» **What you will do**
Please give back, exactly as written, the lines from the line with "We absolutely love" to the line with "Book your next special event with us 🚌😎✌️" in the listing below, leaving out all pictures.

» **Dataset content**

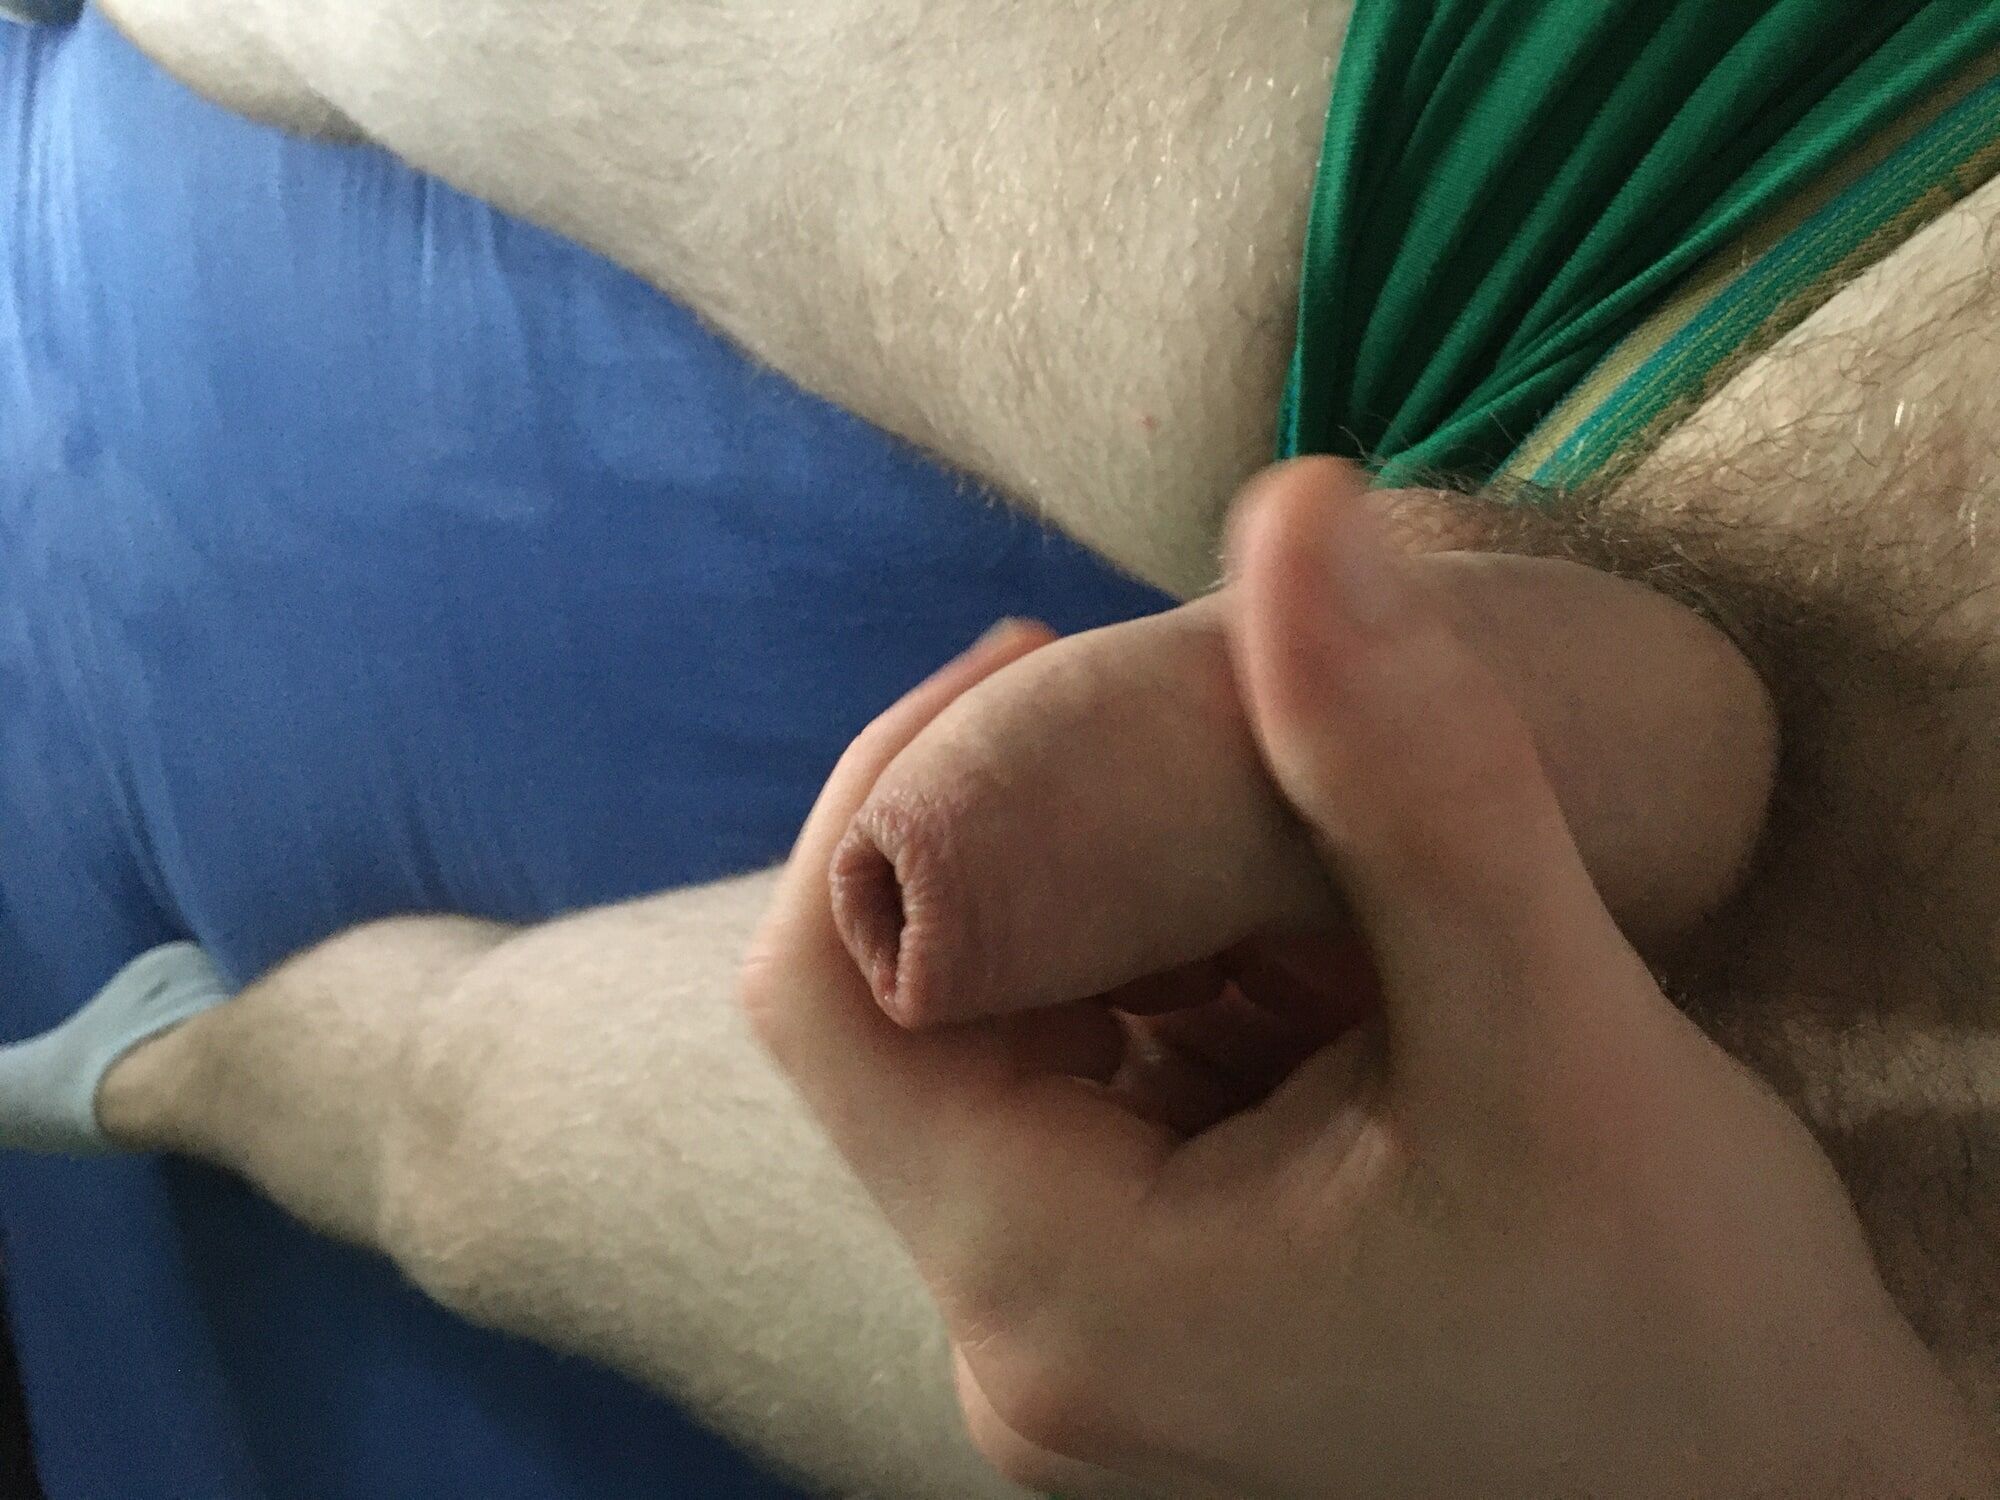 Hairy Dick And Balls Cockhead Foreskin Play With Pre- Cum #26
---
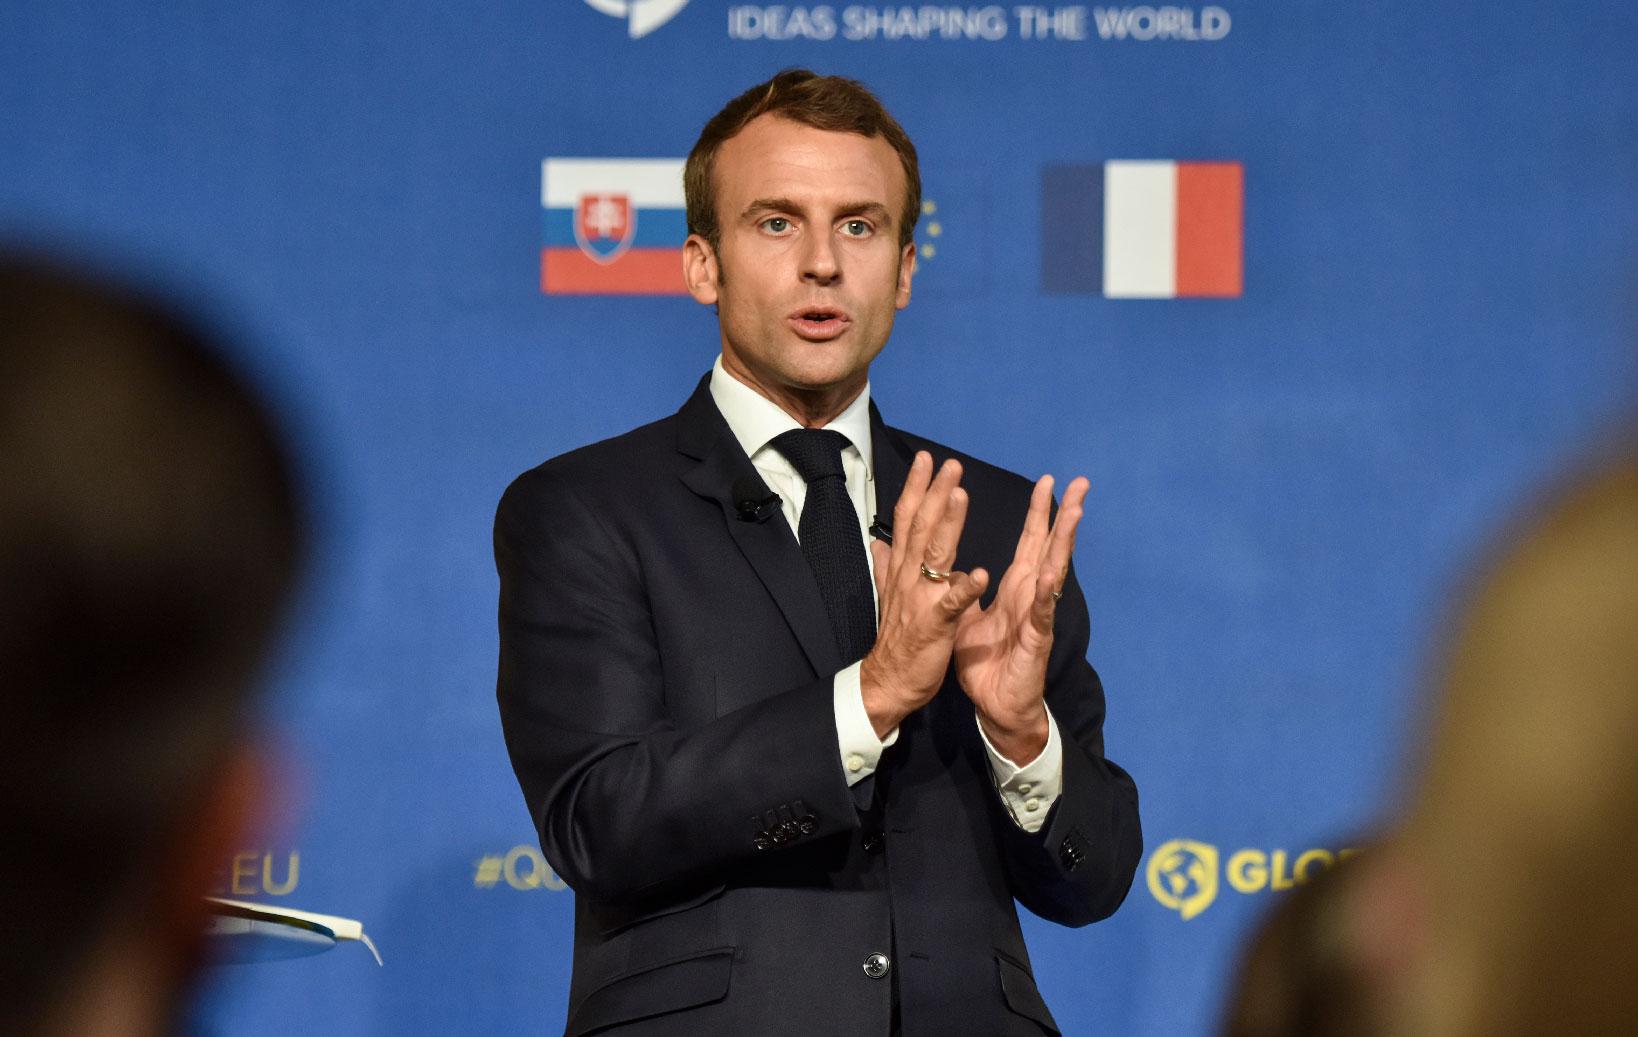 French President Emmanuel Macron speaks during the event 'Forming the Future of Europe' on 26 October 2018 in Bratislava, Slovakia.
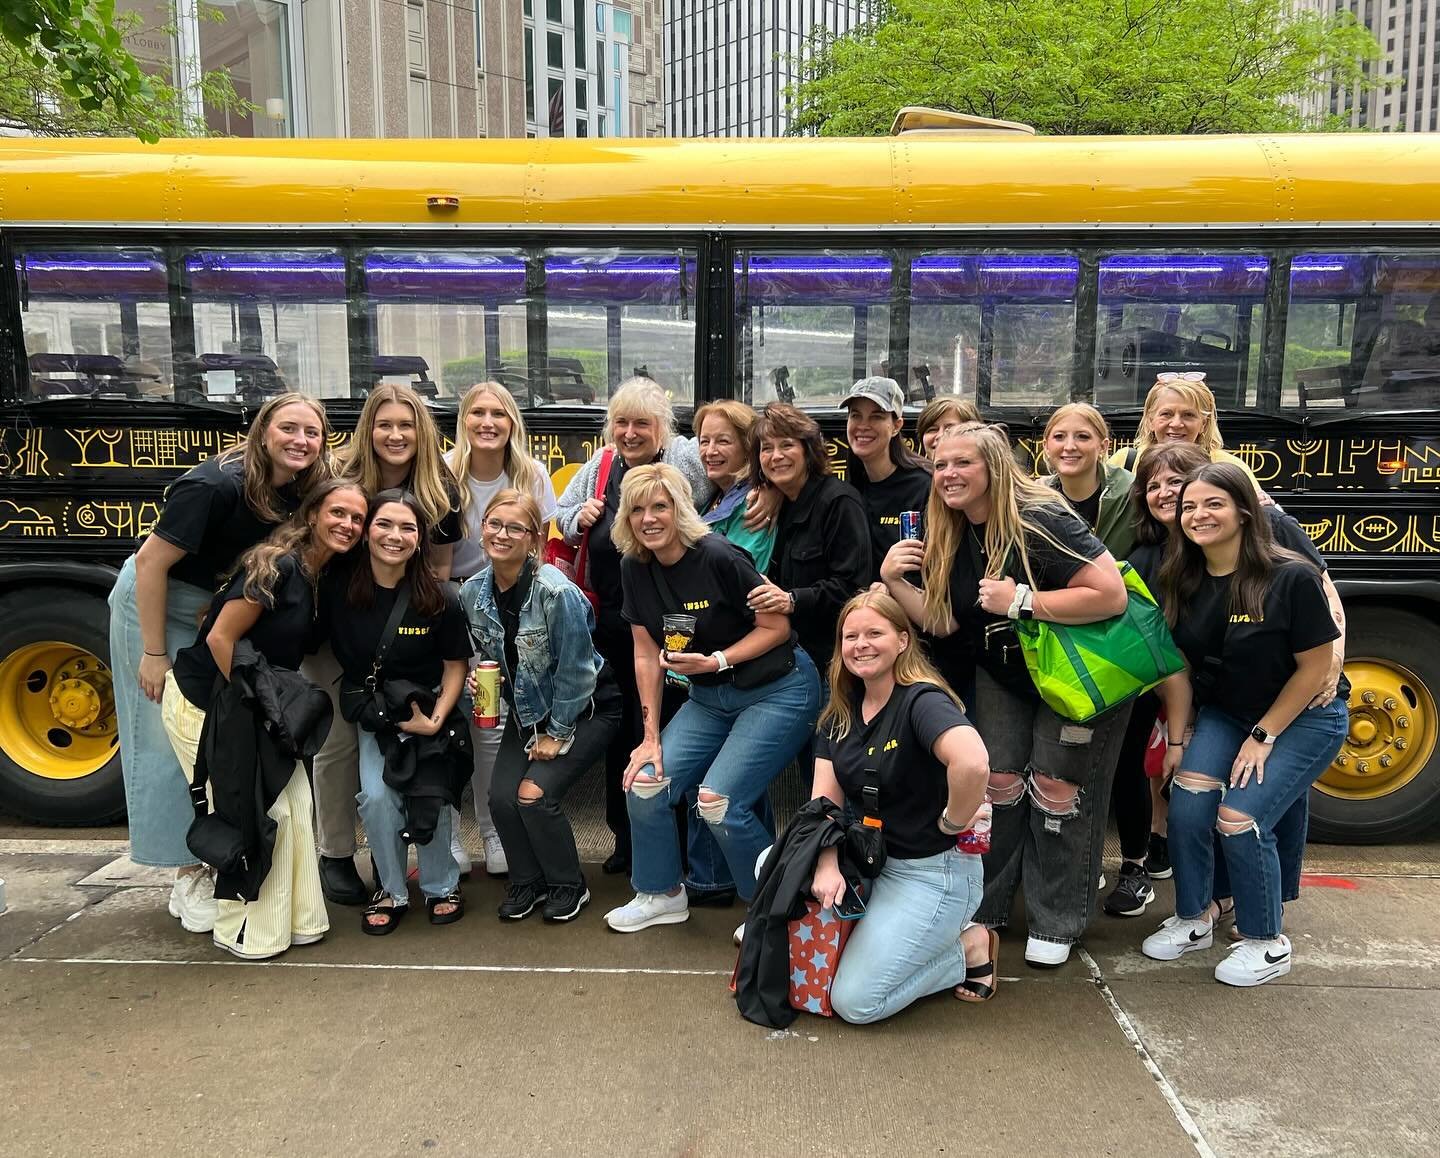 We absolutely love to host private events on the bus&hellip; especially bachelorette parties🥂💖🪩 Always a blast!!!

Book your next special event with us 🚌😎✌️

» **Result for this task**
 We absolutely love to host private events on the bus&hellip; especially bachelorette parties🥂💖🪩 Always a blast!!!

Book your next special event with us 🚌😎✌️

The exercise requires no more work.